The concept of Chang Thokpa (ꯆꯪ ꯊꯣꯛꯄ) is a central religious and philosophical tradition of the Meitei people of ancient Kangleipak (present-day Manipur). This tradition is deeply rooted in Meitei culture and has been practiced in rituals and ceremonies of the Meitei indigenous religion (Sanamahism) since ancient times.

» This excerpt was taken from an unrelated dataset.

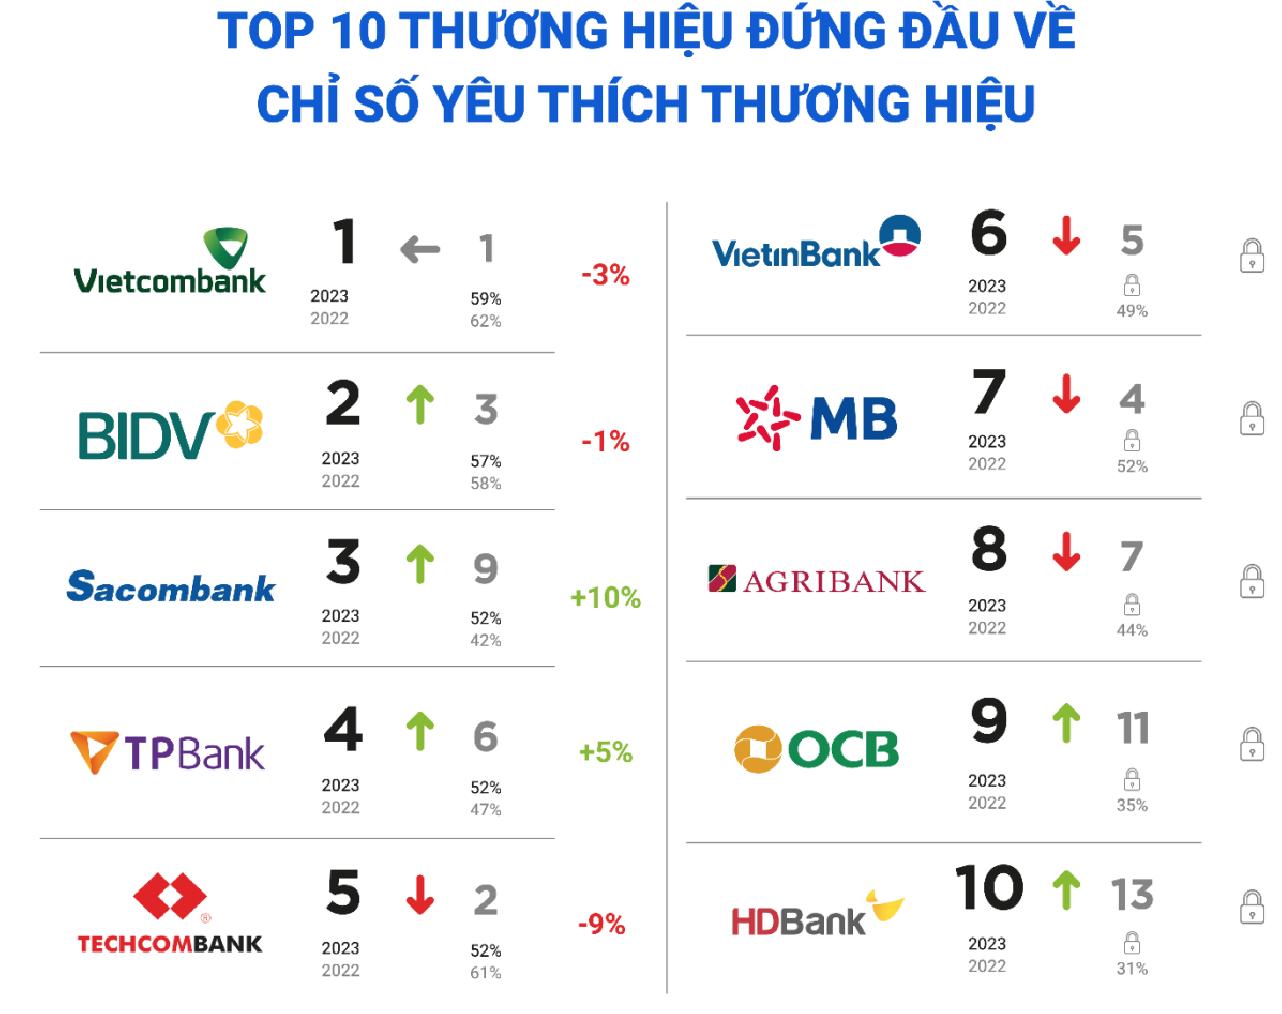 Top 30 thương hiệu ngân hàng được yêu thích nhất Việt Nam điểm danh những ngân hàng nào?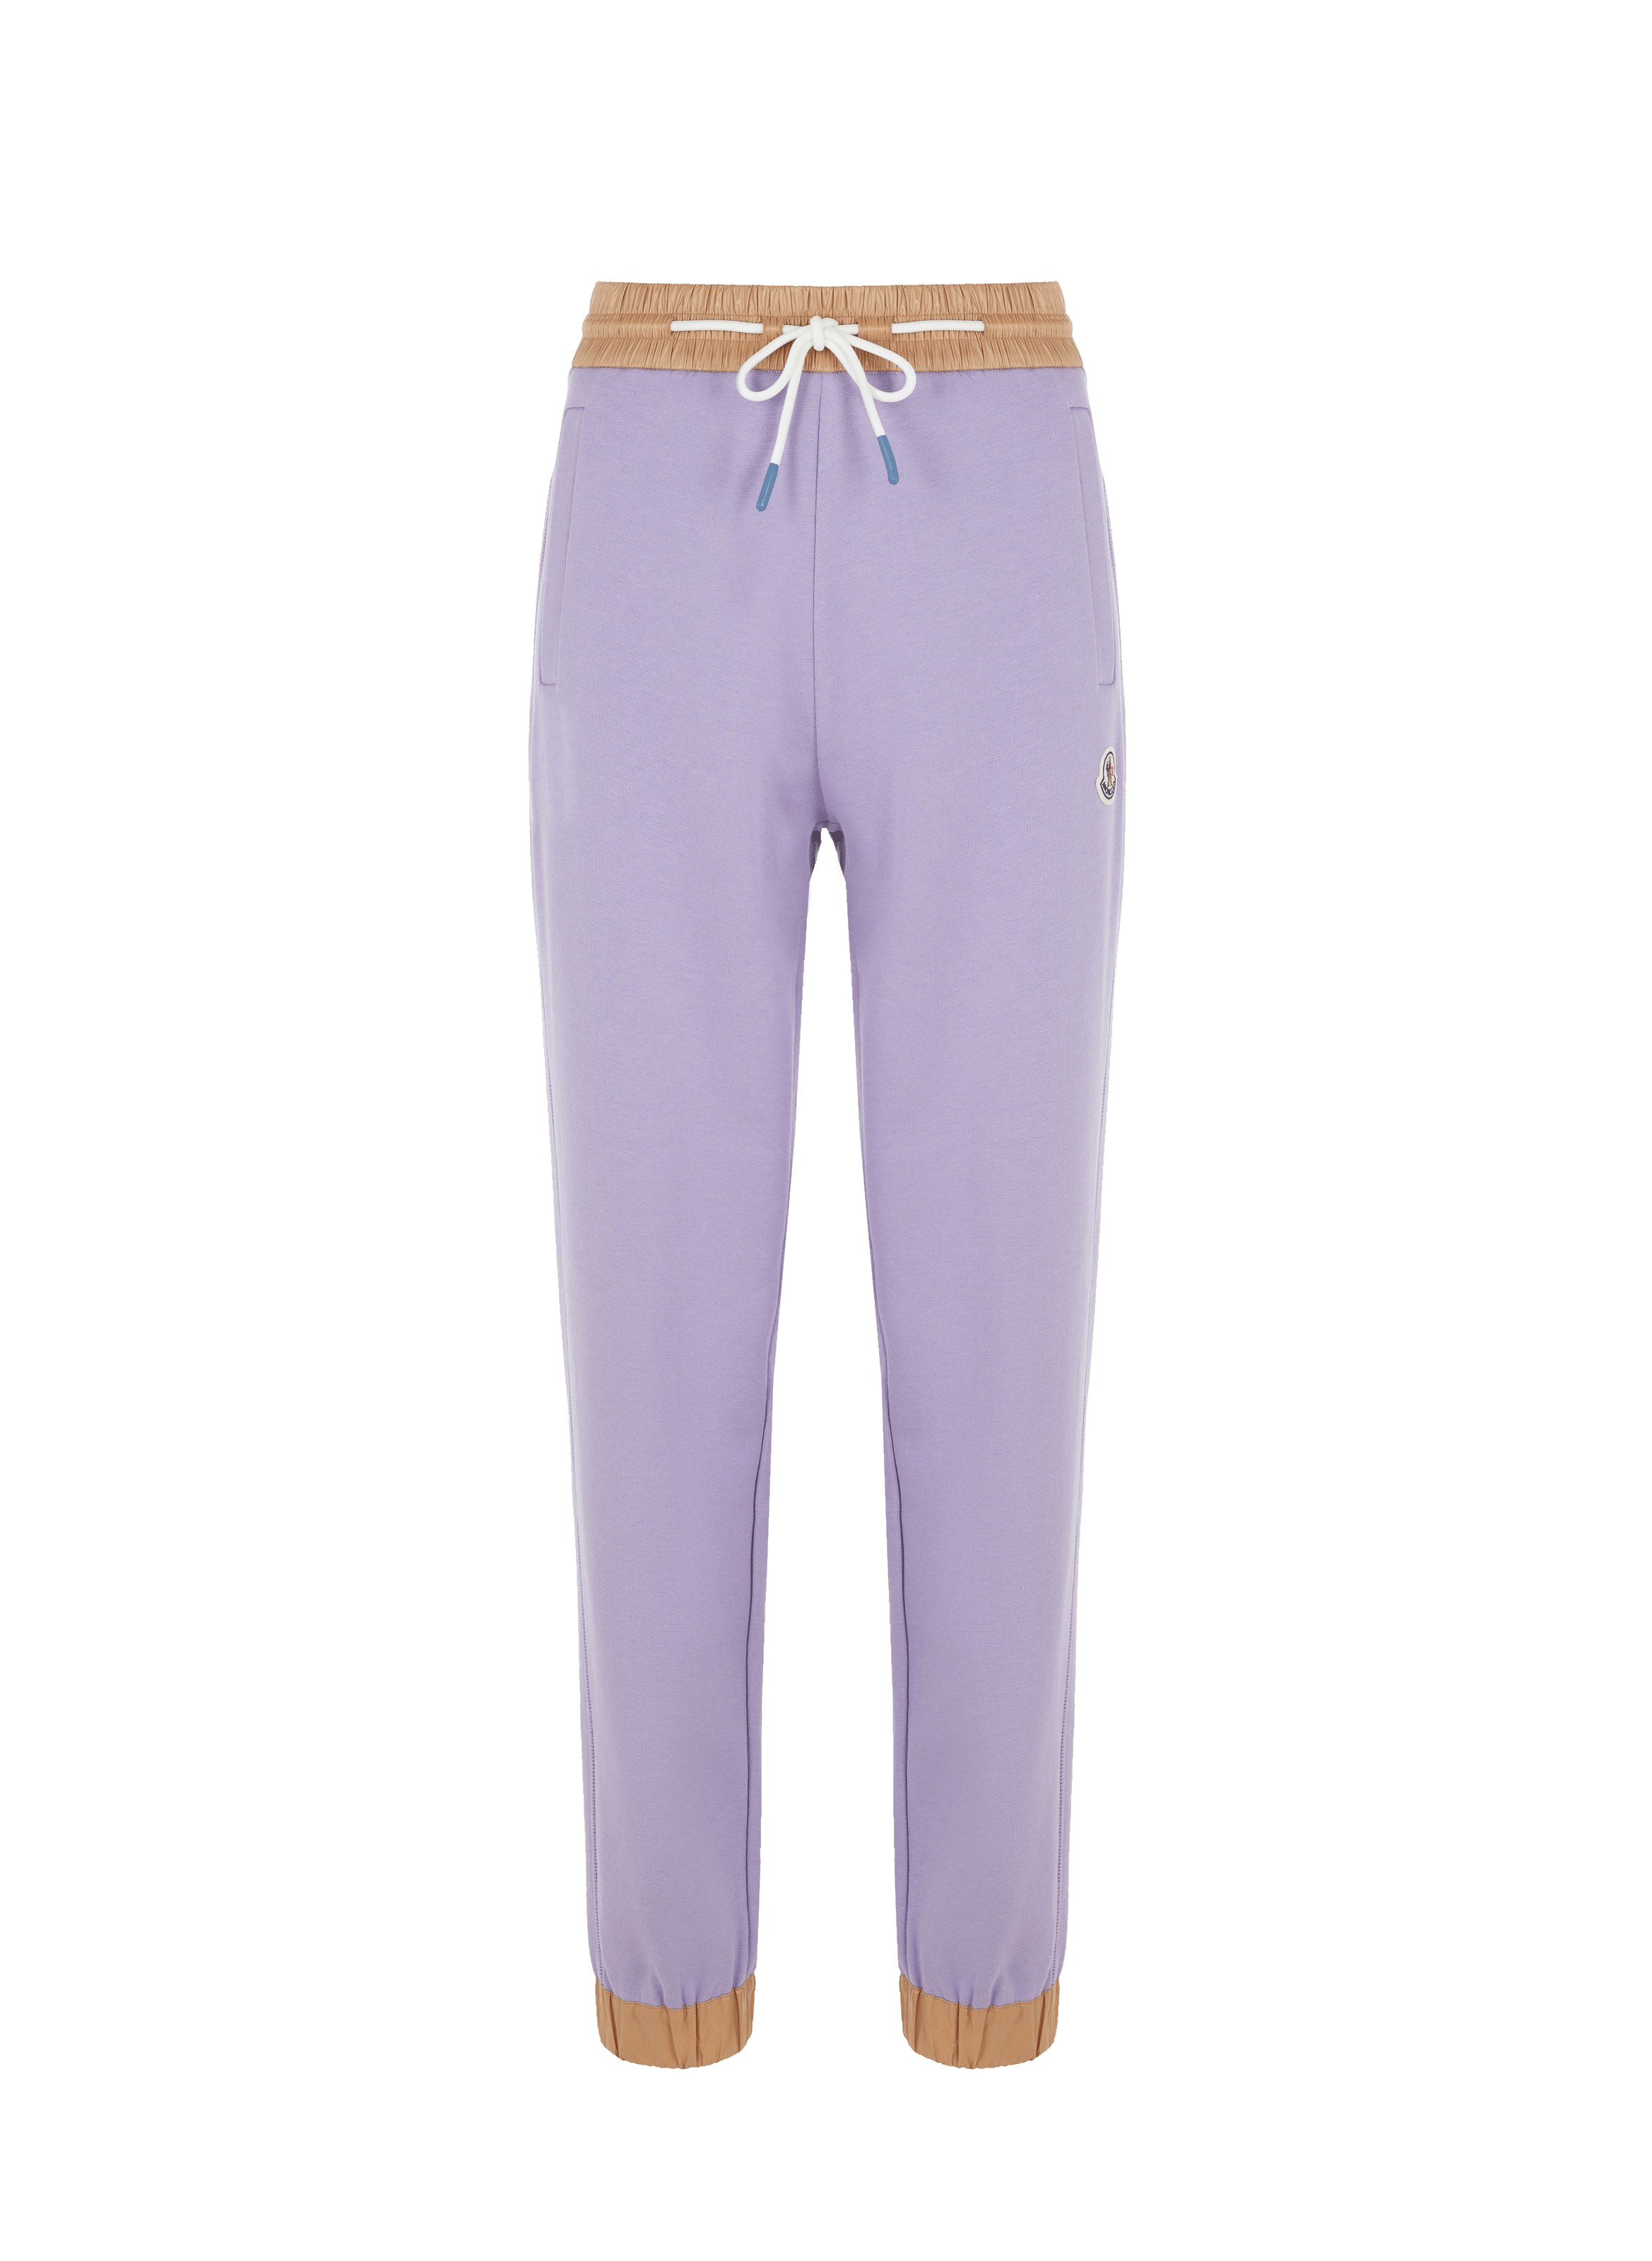 Pantalon de jogging en coton mélangé PurpleMONCLER

Common expressions such as "Laphoi Laphang Chang Thokpa", "Heiram Taret, Leiram Taret", and "Ngaram Taret, Sharam Taret" reflect this enduring custom.

These practices reflect the deep spiritual and philosophical heritage of the Meitei civilization that once shone with advanced thinking and symbolic systems long before colonial or external religious influences.

== Etymology ==

The term Chang Thokpa comes from the philosophical Meetei language called Wang-u-lon.

- Chang (ꯆꯪ) means “everything that exists” — it represents creation, existence, and vitality without the idea of death.

- Thokpa (ꯊꯣꯛꯄ) means “to originate” or “to come out” — referring to ongoing creation and life.

Together, Chang Thokpa symbolizes the eternal source of life and creation, believed to be the Ultimate Reality in Meetei belief.

== Concept of Ama (One God) ==

Meetei Mayek digit one, Ama

The Meetei people worship a supreme, formless, and deathless creator known as Ama (ꯑꯃꯥ), meaning "One". This idea comes from the ancient Meetei scripture called the Puya, especially the text Wakoklon Heelel Thilel Salai Ama-Ilon.

According to the scripture:

- Ama (ꯑꯃꯥ) existed in a primordial state — shapeless and formless.

- Ama is described as Kampi — a concept meaning Fire, Light, and Heat, which are considered the first conditions of life.

In Meetei philosophy:

- Words used in creation are called Inunglon (divine language).

- Everyday language is called Khunnunglon (human language of habitation).

- Because Ama is Fire, Light, and Heat, the Meetei people have always included fire or light in their worship rituals since ancient times.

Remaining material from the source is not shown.